REQUIREMENT —
Copy the records below verbatim, from the first line through the line containing "November 2019 Excel", inclusive, and output nothing else.

DATASET CONTENT —
= Beginning of Section =

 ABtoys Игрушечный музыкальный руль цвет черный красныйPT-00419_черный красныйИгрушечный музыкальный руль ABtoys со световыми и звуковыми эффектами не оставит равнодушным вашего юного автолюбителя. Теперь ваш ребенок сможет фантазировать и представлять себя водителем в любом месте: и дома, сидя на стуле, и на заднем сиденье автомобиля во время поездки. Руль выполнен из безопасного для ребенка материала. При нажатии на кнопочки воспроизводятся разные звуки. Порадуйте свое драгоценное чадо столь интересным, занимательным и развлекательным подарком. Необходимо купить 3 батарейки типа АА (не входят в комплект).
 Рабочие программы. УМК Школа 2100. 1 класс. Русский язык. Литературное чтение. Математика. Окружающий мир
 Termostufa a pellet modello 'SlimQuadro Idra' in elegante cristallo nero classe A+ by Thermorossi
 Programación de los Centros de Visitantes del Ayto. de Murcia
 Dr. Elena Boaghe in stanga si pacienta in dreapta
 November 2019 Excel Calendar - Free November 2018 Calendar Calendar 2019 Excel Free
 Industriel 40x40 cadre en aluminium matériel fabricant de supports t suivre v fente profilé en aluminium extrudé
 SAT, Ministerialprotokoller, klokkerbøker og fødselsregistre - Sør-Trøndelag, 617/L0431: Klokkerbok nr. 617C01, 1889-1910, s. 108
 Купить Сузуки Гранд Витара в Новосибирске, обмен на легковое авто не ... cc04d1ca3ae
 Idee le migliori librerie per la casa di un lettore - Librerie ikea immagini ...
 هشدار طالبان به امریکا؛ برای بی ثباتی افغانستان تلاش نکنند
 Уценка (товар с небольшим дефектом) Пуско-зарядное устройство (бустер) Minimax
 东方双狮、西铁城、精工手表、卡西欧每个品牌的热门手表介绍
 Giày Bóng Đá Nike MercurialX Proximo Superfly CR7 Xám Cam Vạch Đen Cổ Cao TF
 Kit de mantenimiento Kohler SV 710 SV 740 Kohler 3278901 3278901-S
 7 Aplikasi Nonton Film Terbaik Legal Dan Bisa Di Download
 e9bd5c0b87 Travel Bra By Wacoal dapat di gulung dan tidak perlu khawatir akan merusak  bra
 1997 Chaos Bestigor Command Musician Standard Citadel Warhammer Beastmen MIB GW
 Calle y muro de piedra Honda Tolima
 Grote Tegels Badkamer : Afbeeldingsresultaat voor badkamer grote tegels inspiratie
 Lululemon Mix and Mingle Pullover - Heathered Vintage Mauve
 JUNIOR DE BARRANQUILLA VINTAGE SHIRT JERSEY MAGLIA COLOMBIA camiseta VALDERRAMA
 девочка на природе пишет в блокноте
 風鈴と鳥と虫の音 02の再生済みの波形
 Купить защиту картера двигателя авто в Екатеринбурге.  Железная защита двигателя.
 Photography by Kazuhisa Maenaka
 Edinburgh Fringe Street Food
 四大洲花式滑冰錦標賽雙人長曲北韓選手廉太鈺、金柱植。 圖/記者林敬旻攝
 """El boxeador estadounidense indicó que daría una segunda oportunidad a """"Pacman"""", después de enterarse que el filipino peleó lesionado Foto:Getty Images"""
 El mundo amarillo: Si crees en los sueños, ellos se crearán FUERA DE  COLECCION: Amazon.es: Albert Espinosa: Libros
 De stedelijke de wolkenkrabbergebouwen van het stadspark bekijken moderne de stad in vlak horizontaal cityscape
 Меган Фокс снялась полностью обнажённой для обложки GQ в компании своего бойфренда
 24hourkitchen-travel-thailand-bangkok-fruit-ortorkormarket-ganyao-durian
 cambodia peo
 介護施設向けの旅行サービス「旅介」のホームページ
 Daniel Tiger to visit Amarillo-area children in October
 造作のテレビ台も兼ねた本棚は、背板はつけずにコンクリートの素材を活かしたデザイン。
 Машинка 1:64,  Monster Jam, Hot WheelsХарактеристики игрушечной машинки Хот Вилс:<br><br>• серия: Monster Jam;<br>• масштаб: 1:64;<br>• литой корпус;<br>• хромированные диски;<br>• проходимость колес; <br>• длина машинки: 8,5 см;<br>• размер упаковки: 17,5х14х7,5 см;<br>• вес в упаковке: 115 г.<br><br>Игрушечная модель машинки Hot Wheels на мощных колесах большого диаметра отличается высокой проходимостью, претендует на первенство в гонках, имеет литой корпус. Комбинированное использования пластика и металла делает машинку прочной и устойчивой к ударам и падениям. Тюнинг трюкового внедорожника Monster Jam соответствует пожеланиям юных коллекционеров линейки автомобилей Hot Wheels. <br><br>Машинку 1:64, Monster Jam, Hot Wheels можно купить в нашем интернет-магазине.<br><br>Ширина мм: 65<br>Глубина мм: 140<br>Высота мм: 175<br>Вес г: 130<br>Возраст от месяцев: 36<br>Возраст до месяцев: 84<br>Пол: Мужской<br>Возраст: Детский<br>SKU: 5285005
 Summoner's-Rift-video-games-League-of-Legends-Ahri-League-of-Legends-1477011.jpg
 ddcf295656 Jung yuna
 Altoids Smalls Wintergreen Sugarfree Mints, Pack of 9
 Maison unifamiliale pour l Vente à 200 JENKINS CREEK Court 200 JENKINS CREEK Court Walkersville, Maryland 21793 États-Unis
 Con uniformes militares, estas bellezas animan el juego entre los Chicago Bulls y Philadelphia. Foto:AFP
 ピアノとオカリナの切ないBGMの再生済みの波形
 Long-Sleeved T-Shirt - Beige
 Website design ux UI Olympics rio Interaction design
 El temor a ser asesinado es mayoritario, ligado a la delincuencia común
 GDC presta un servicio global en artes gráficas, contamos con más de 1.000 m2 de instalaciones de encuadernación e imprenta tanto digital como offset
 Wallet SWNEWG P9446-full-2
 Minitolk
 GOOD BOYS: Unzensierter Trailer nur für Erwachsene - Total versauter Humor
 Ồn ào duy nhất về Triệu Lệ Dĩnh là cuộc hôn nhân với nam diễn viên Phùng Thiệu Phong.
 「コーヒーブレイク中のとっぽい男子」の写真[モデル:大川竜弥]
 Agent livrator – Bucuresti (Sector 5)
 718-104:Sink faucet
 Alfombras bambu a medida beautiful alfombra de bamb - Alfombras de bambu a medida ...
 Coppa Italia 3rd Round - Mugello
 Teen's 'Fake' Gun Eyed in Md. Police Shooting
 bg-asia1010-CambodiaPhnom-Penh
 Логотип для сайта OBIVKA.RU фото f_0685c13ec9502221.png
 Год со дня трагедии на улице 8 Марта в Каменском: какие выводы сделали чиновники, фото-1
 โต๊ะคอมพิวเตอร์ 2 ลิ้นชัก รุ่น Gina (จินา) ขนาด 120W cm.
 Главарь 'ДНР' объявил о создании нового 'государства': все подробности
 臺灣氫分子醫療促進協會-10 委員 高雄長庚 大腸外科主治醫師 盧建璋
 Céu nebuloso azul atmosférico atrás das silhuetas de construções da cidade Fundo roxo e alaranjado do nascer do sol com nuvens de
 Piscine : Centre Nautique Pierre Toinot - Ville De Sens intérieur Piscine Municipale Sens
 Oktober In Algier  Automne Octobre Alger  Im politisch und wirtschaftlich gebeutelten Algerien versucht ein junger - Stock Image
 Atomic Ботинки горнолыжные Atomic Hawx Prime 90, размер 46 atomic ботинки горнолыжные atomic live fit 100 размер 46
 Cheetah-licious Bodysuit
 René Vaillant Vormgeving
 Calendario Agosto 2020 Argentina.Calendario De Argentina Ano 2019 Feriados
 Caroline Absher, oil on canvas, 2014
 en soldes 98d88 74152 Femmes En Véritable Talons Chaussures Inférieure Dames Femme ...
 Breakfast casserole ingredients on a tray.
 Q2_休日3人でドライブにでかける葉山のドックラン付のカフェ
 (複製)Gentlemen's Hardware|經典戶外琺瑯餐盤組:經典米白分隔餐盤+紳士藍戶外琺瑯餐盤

= End of Section =

RESULT —
 ABtoys Игрушечный музыкальный руль цвет черный красныйPT-00419_черный красныйИгрушечный музыкальный руль ABtoys со световыми и звуковыми эффектами не оставит равнодушным вашего юного автолюбителя. Теперь ваш ребенок сможет фантазировать и представлять себя водителем в любом месте: и дома, сидя на стуле, и на заднем сиденье автомобиля во время поездки. Руль выполнен из безопасного для ребенка материала. При нажатии на кнопочки воспроизводятся разные звуки. Порадуйте свое драгоценное чадо столь интересным, занимательным и развлекательным подарком. Необходимо купить 3 батарейки типа АА (не входят в комплект).
 Рабочие программы. УМК Школа 2100. 1 класс. Русский язык. Литературное чтение. Математика. Окружающий мир
 Termostufa a pellet modello 'SlimQuadro Idra' in elegante cristallo nero classe A+ by Thermorossi
 Programación de los Centros de Visitantes del Ayto. de Murcia
 Dr. Elena Boaghe in stanga si pacienta in dreapta
 November 2019 Excel Calendar - Free November 2018 Calendar Calendar 2019 Excel Free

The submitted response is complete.